Once the server is started, the rest of the log entries include the time, the log level (e.g., INFO), the log source, and the log message. Even if you can't fix the error, these logs will be invaluable in troubleshooting.

In the server logs, you'll find errors in the log level as ERR , but you may find further context in WARN as well as in the other preceding and surrounding log entries.

Server Log Level

To specify the Vault server's log level, you can do one of the following:

  • Use the -log-level CLI command flag
  • Set in the VAULT_LOG_LEVEL environment variable
  • Specify with log_level parameter in the server configuration file

Supported values (in order of detail) are trace, debug, info, warn, and err. The default log level is info.

  1. Using the CLI command

    When starting the Vault server via CLI, pass the -log-level flag to specify the log level.

    $ vault server -config=/etc/vault/config-file.hcl -log-level=debug
    
  2. VAULT_LOG_LEVEL environment variable

    Set the log level in an environment variable.

    $ export VAULT_LOG_LEVEL=debug
    
  3. Server configuration file

    Specify the log_level parameter in the server configuration file.

    storage "consul" {
      address = "127.0.0.1:8500"
      path    = "vault"
    }
    
    listener "tcp" {
      address     = "127.0.0.1:8200"
      tls_disable = 1
    }
    
    telemetry {
      statsite_address = "127.0.0.1:8125"
      disable_hostname = true
    }
    
    log_level = "Debug"
    

Changing the log level

When you change the log level by editing the server configuration file or the VAULT_LOG_LEVEL environment variable value, the change won't take an effect until the Vault server is restarted. When you have an HA cluster, apply the change on the standby nodes first, and then lastly on the active node. By doing this, you are ensuring that if the active node fails and one of the standby nodes becomes the new active node, it has the desired level of server logs.

HA Cluster

Finding server logs on Linux systems

On modern systemd based Linux distributions, the journald daemon will capture Vault's log output automatically to the system journal.
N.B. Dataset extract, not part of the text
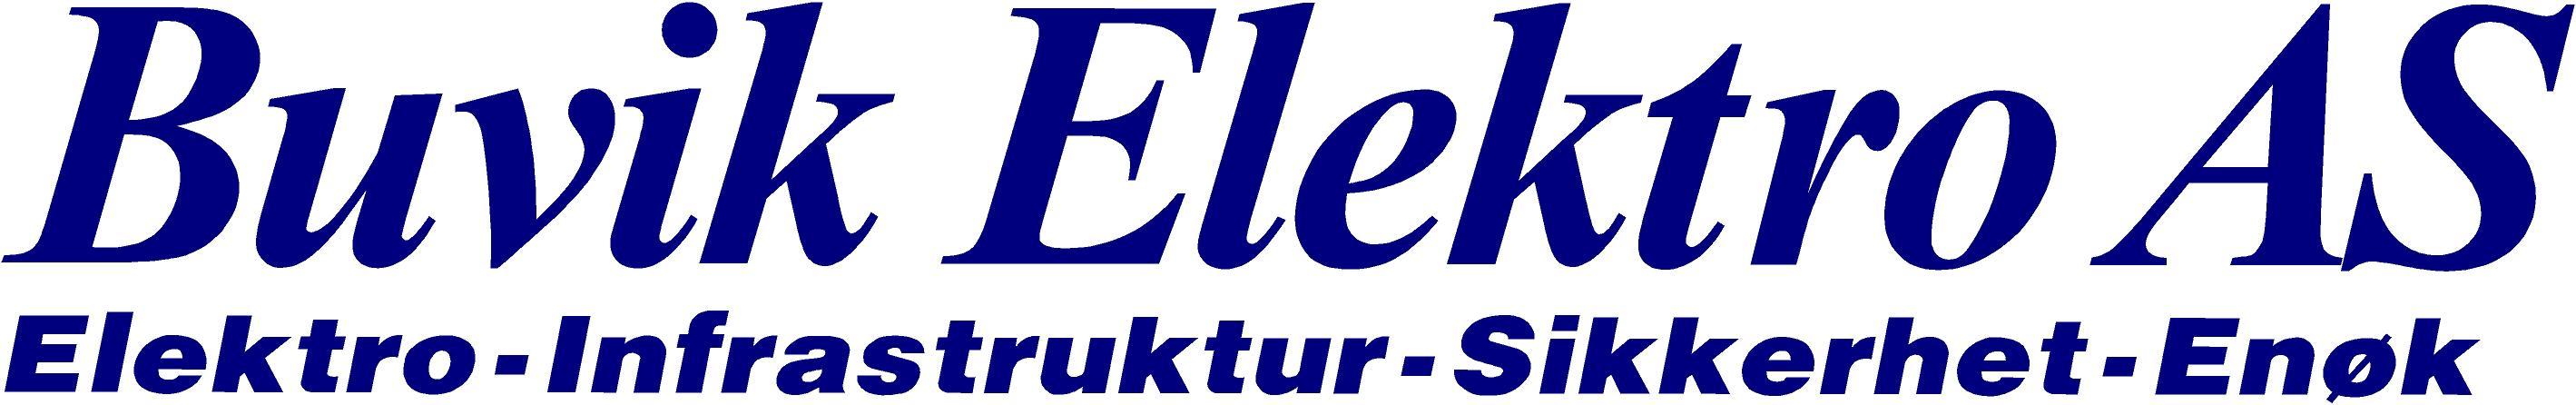 www.buvik.no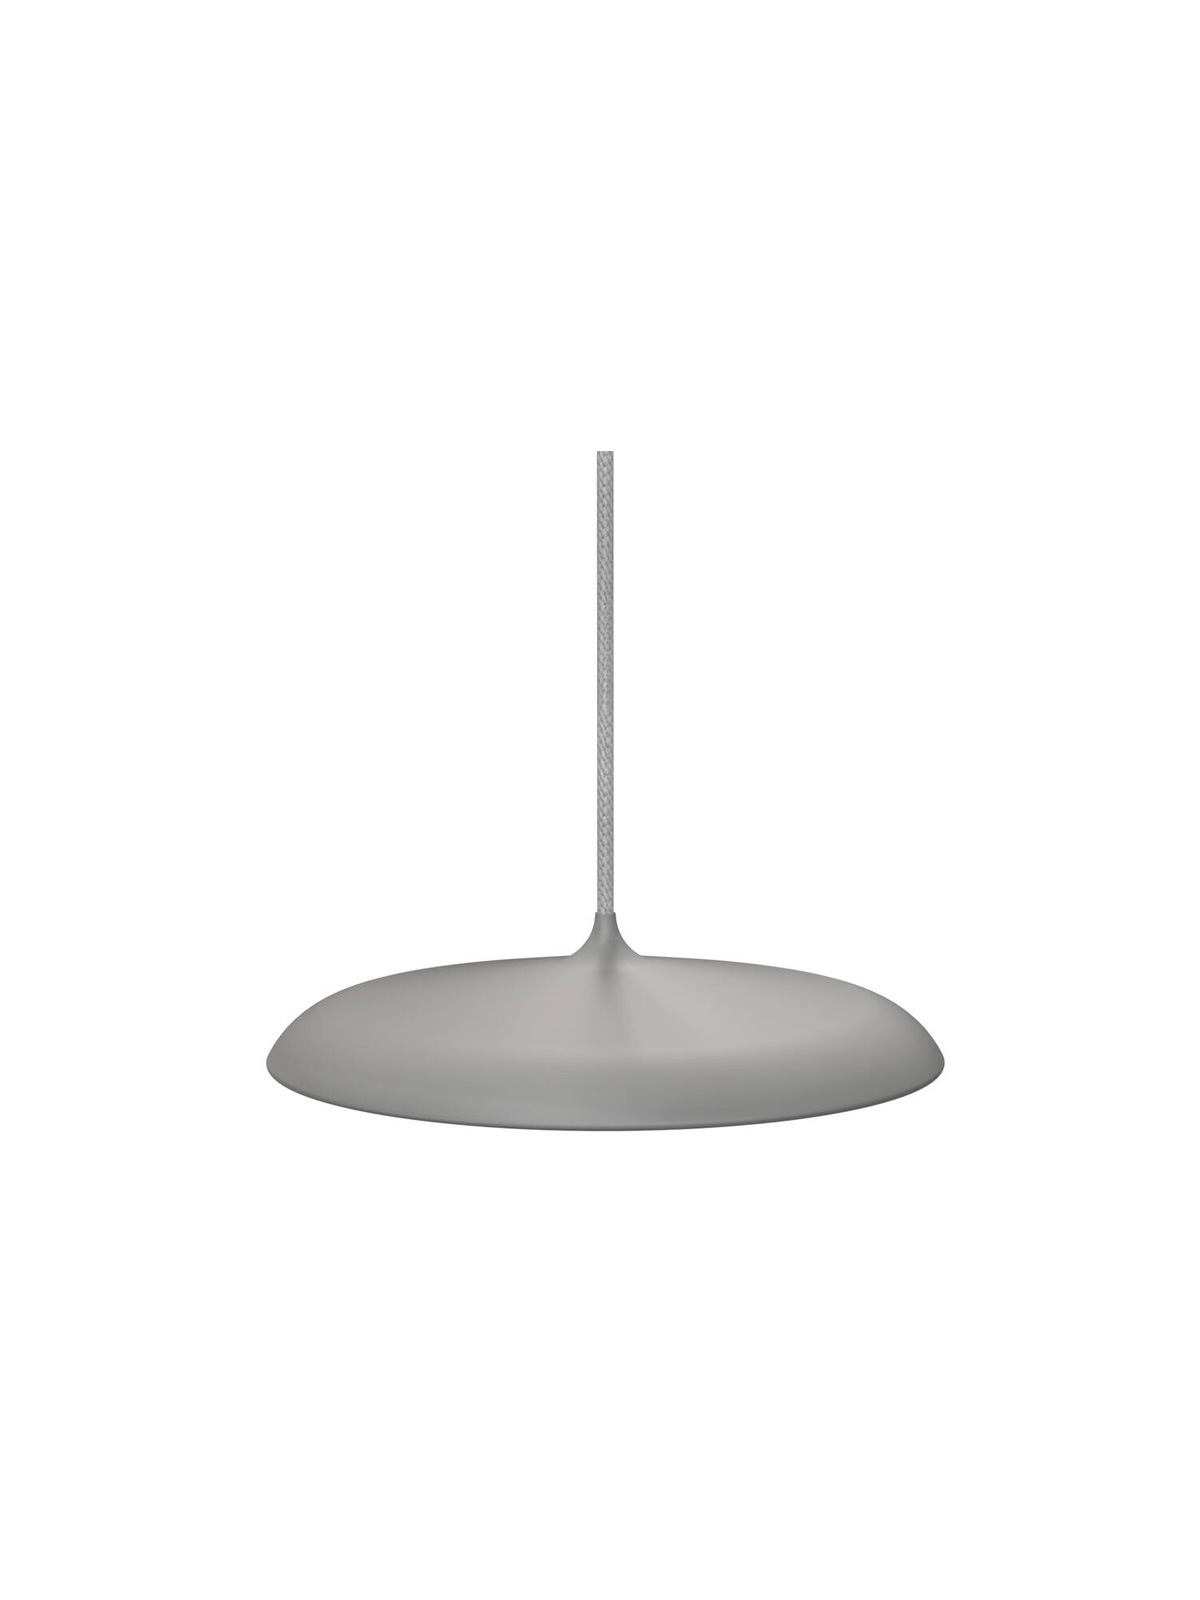 Design for the People Artist 25 Leuchte DesignOrt Onlineshop Lampen Berlin

Assuming your Vault service is named vault, use a command like this to retrieve only the Vault-specific log entries from the system journal:

$ journalctl -b --no-pager -u vault
...
Oct 15 17:01:47 ip-10-42-0-27 vault[7954]: 2018-10-15T17:01:47.950Z [DEBUG] replication.index.local: saved checkpoint: num_dirty=0
Oct 15 17:01:52 ip-10-42-0-27 vault[7954]: 2018-10-15T17:01:52.907Z [DEBUG] rollback: attempting rollback: path=auth/token/
Oct 15 17:01:52 ip-10-42-0-27 vault[7954]: 2018-10-15T17:01:52.907Z [DEBUG] rollback: attempting rollback: path=secret/
Oct 15 17:01:52 ip-10-42-0-27 vault[7954]: 2018-10-15T17:01:52.907Z [DEBUG] rollback: attempting rollback: path=sys/
Oct 15 17:01:52 ip-10-42-0-27 vault[7954]: 2018-10-15T17:01:52.907Z [DEBUG] rollback: attempting rollback: path=identity/
Oct 15 17:01:52 ip-10-42-0-27 vault[7954]: 2018-10-15T17:01:52.907Z [DEBUG] rollback: attempting rollback: path=cubbyhole/
Oct 15 17:01:52 ip-10-42-0-27 vault[7954]: 2018-10-15T17:01:52.947Z [DEBUG] replication.index.perf: saved checkpoint: num_dirty=0
Oct 15 17:01:52 ip-10-42-0-27 vault[7954]: 2018-10-15T17:01:52.950Z [DEBUG] replication.index.local: saved checkpoint: num_dirty=0

If your Vault systemd service is not named vault or you're unsure of the service name, then you can use a more generic command:

$ journalctl -b | awk '$5 ~ "vault"'

The output should go back to the system boot time and will sometimes also include restarts of Vault. If the output from the above includes log lines prefixed with vault[NNNN]: , then you've found the operational logs.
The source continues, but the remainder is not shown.